UP-SCALING PADDY YIELD AT SATELLITE-FOOTPRINT SCALE USING SATELLITE DATA IN CONJUNCTION WITH CCE DATA IN SAHIBGANJ DISTRICT, JHARKHAND

B. R. Parida and A. K. Ranjan

Keywords: Yield prediction, Remote sensing, NDVI, EVI, AquaCrop model, CCE data

Abstract. Agriculture plays a vital role in the economy of India as almost half of the workforce dependent on agriculture and allied activities. Rice is an important staple food and provides nutritious need for the billions of population. Mapping the spatial distribution of paddy and predicting yields at district level aggregation are crucial for food security measures.
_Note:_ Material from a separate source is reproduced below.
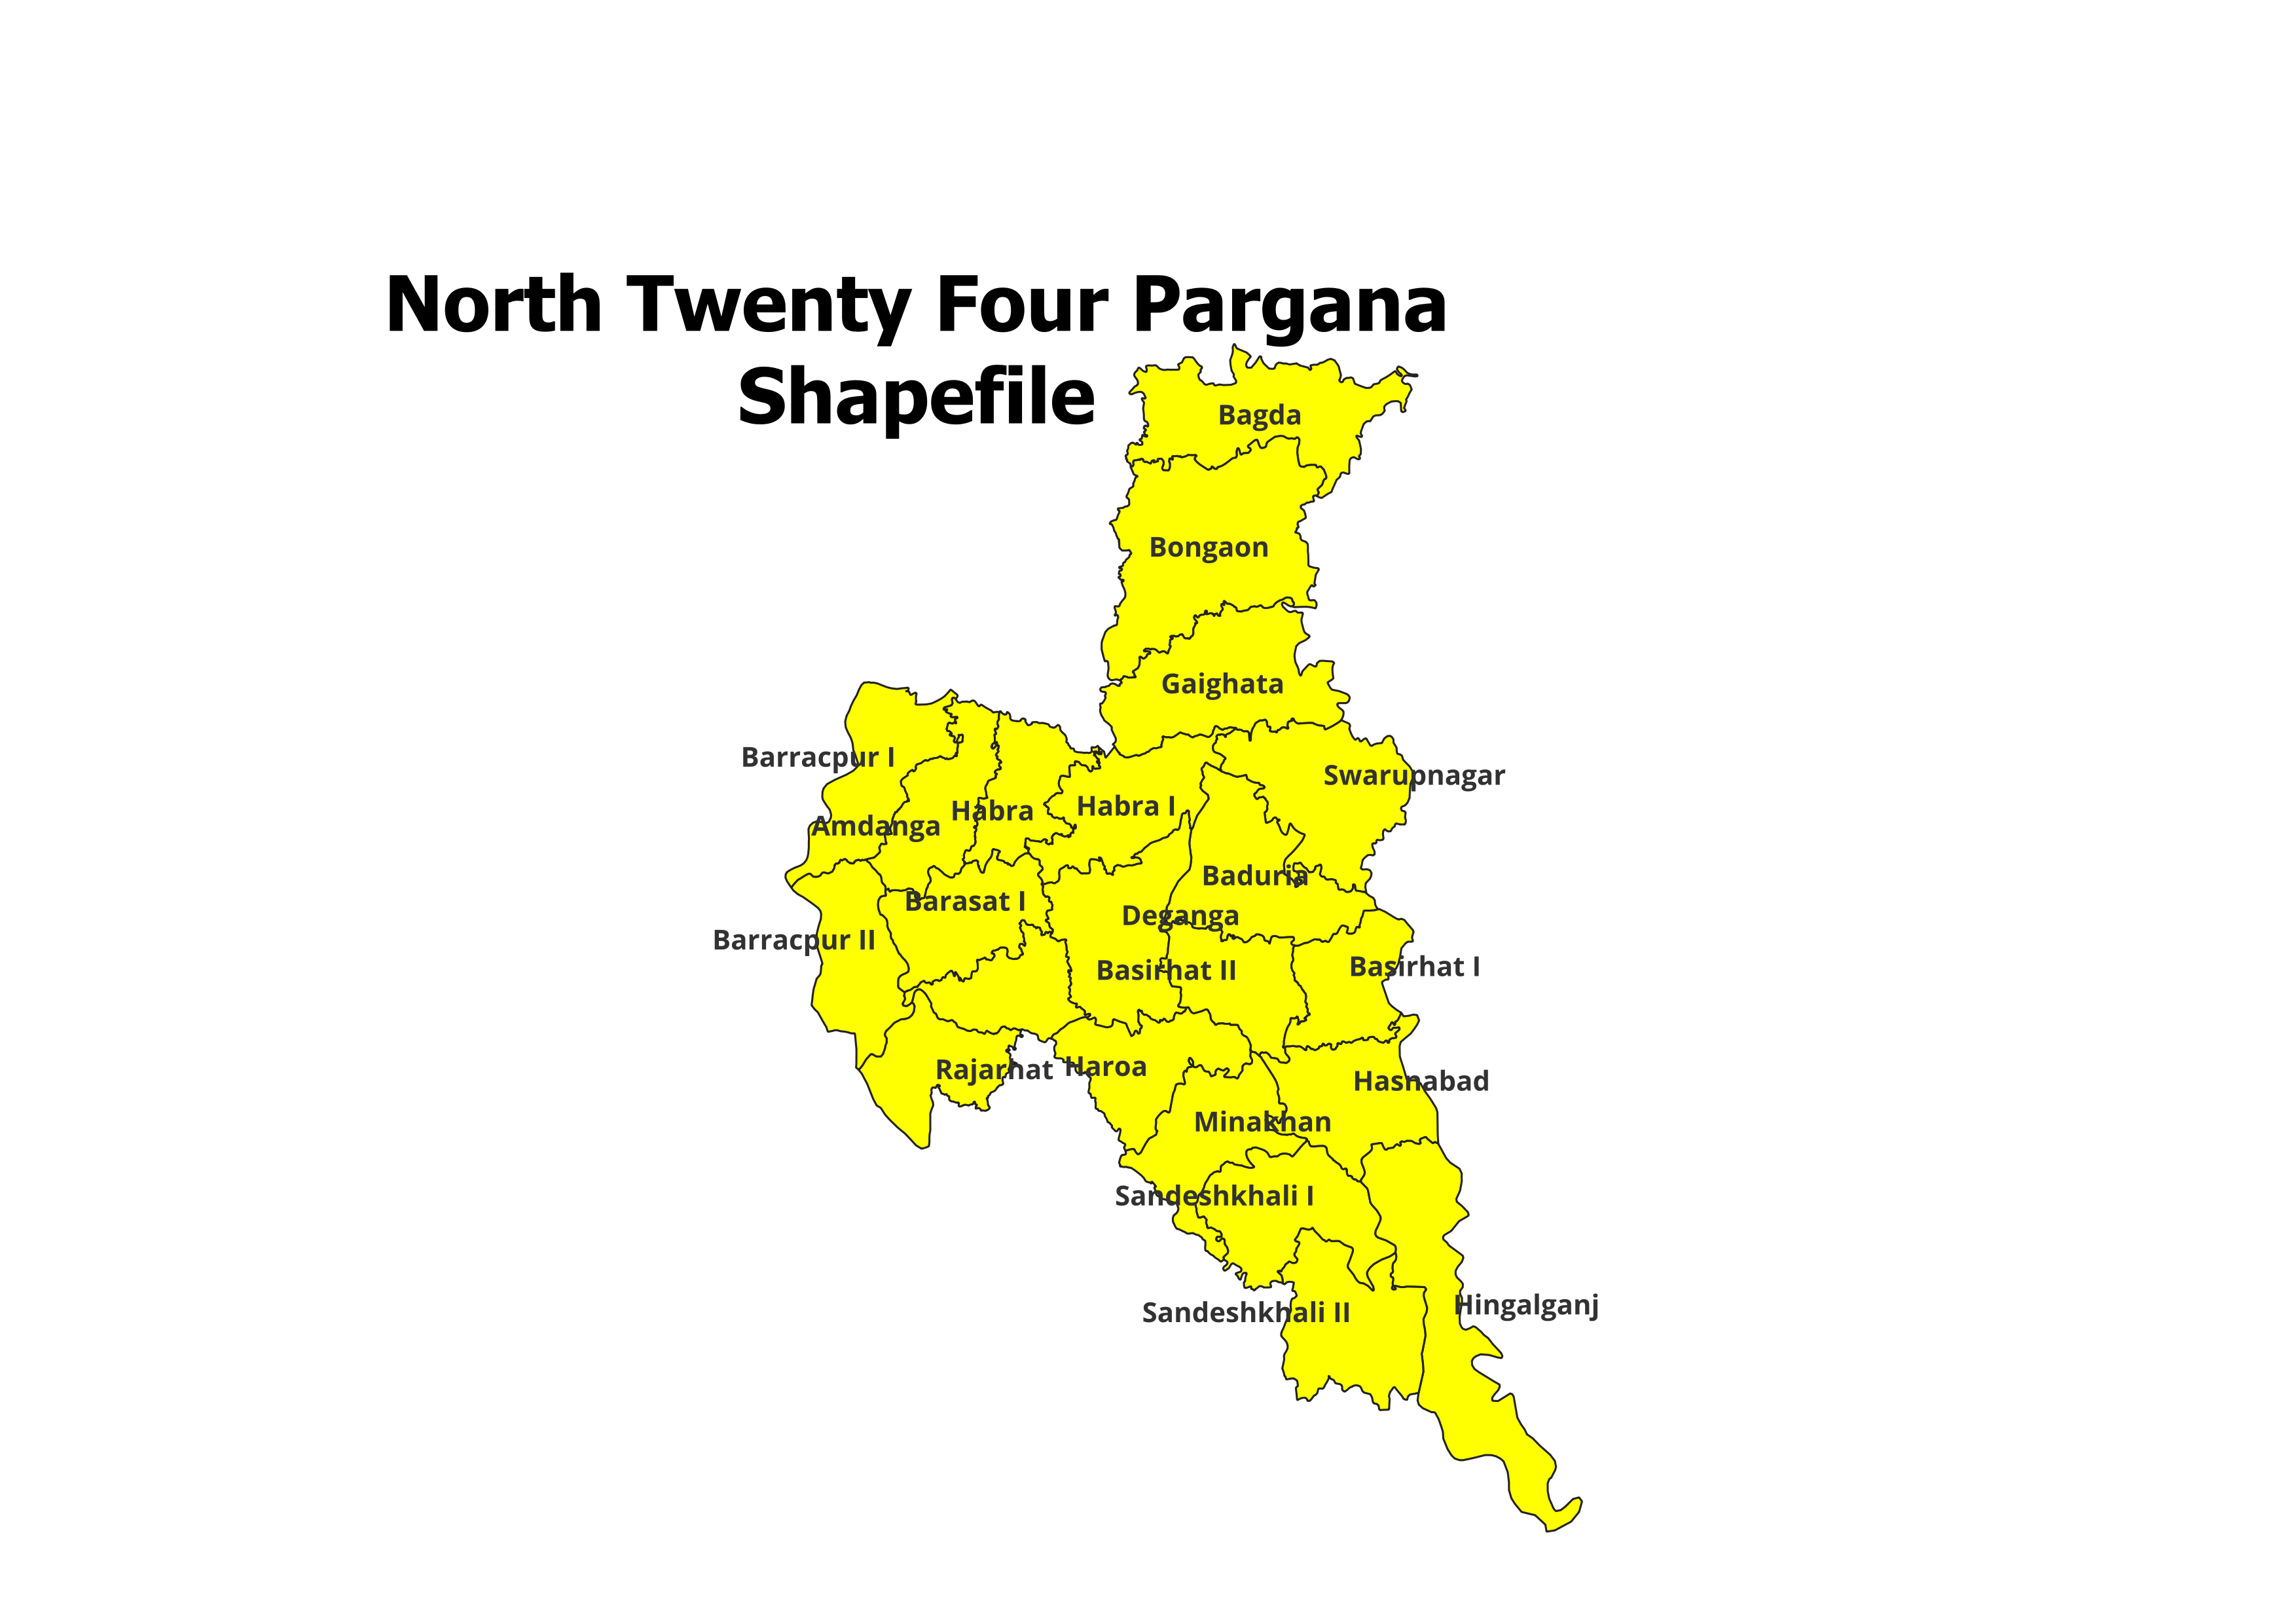 North Twenty Four Pargana Blocks shapefile

This study has utilized the time-series MODIS-based Normalized Difference Vegetation Index (NDVI) and Enhanced Vegetation Index (EVI) data in conjunction with CCE data to derive a statistical model for up-scaling paddy yield at satellite-footprint scale over Sahibganj district in Kharif (monsoon) season 2017. The CCE data were collected from ten random paddy plots. In addition, Area, Production, and Yield (APY) data were collected during harvesting period by interacting with eighty farmers belong to eight villages. The AquaCrop model was also used to simulate the paddy yield for Kharif season. The key results showed that based on the farmers-based yield data, paddy yield was observed as ~3200 kg/hectare, whereas, NDVI and EVI-based yield models based on satellite data showed about 2,960 and 3,530 kg/hectare, respectively. Moreover, multi-regression-based yield model showed the mean yield of 3,070 kg/hectare. With respect to farmers-level yield data, the relative deviation (RD) of yield based on NDVI data was −7.5% (underestimation), while EVI was 10.31% (overestimation). The multi-regression-based yield model and AquaCrop model were underestimated by −4.06 and −10.16%, respectively. Thus, it can be inferred that the multi-regression-based yield was close to farmers-based survey yields. It can be concluded that the satellite databased yield prediction can be reliable with ± 10% of RD. Nevertheless, remote sensing technology can be beneficial over traditional survey method as the satellite-based methods are cost-effective, robust, reliable, and time-saving than the traditional methods.